Learning to swim should be a priority for every family. It’s an important life skill that can play a key role in helping to prevent drowning—a top cause of death among children. Children, and their parents, need to learn how to swim to help keep time in the water safe and fun!

The benefits of swimming are endless, and your child should learn to swim as early as possible. Here’s why:

1. It’s essential to safety.

According to the National Safe Kids Campaign, drowning is the second leading cause of unintentional injury-related death to children ages one through 14. It is absolutely crucial that all kids know how to swim at a young age. There is water all around us, even if it’s as small as a bathtub. Making sure that your child is comfortable in and around water is essential to their safety.

I’ve been swimming since I was three years old, and almost all of my teammates began just as early. Even if your child isn’t interested in competitive swimming, ensuring your child knows how to swim should be done as early as possible. Their interest in the actual sport is just an added benefit!

2. It’s a low-impact sport.

Swimming is obviously low-impact, as it’s performed in water. According to Bucknell University, the body is 90 percent buoyant when in the water up to your neck, so you’re not hitting the ground with the weight you carry on land. Swimming is the ideal sport for the well-being of one’s body in the long run.

Yes, anything in excess can cause your body to break down, so swimming injuries are common. But if you get a shoulder injury, you may still kick during practice to stay in shape. This isn’t so easy in other sports, where you often have to stop the sport altogether because of the impact.

In swimming, you can often just rest the injured part of your body, and still, use the healthy part of you in the pool. The most common swimming injuries are from overuse, showing that swimming is generally very easy on one’s body as opposed to a critical injury such as a sprain or break from running or jumping.

Note: The lack of serious injuries from swimming does not include dryland training, where often clumsy and uncoordinated fish out of water (also known as swimmers) are more likely to injure themselves.

3. The value of teamwork is learned along with individuality.

Like any sport, the team atmosphere is the greatest aspect. College athletes admit that post-graduation, they miss their team and the hours spent together while training and traveling. In an article I previously wrote, I stated the significance of using your teammates to help you get through the hardest times, because your friends on the team endure the same hard work that you do every day.
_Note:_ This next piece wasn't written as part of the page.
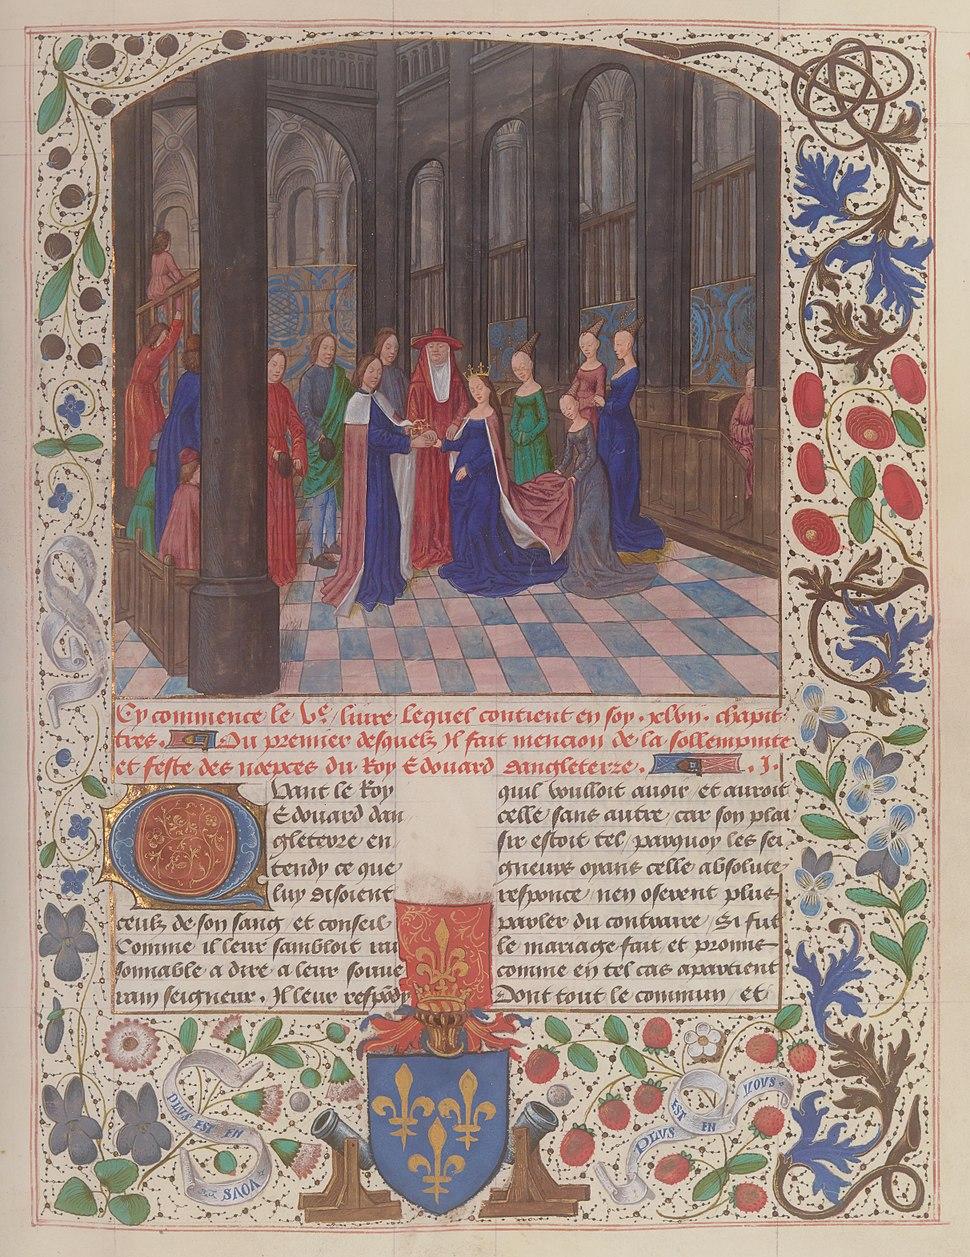 Marriage Edward IV Elizabeth Woodville Wavrin Anciennes Chroniques d'Angleterre Francais 85 f109.jpeg

From this shared experience, swimmers learn to support their teammates, which creates a positive atmosphere. This is a skill that can be carried throug life into the workplace and beyond.

But teamwork is learned in plenty of sports, so why is swimming special? The great thing about swimming is that there is also an individual aspect to it. In competitive swimming, you learn self-motivation and goal setting/reaching. Swimmers have their own personal set of times for their events.

At each meeting, competitive swimmers try to beat their personal best times, while at the same time swimming for their team as a whole. In high school and college swimming, the primary motivation is to earn points for your team so they can win the meet. I always swam on a club team in high school instead of swimming for my school. So when I reached college swimming, I realized the gravity of teamwork and support, and I was able to push myself to a new level. Swimming packages teamwork and individuality into one sport.

4. Time management is inevitably learned.

Time management has been one of the most valuable skills I’ve attained over the past 15 years of competitive swimming. I have learned how to take the little free time I have to get what needs to be completed on time.

Especially in high school, when I was practicing nine times per week while studying, my free time was limited. I would wake up before school and swim, go straight to school, and then swim again after. On weekends, I practiced twice a day on both Saturday and Sunday.

I was able to train myself physically and mentally to know when it was more important to stay up and get an assignment done versus getting the sleep I needed for my brain to work properly the next day. My work ethic was often praised by my friends and teachers, and I didn’t realize how well prepared I would be for college until my first year at the University. I learned time management at an early age, and this skill has carried me through my four years of swimming in college.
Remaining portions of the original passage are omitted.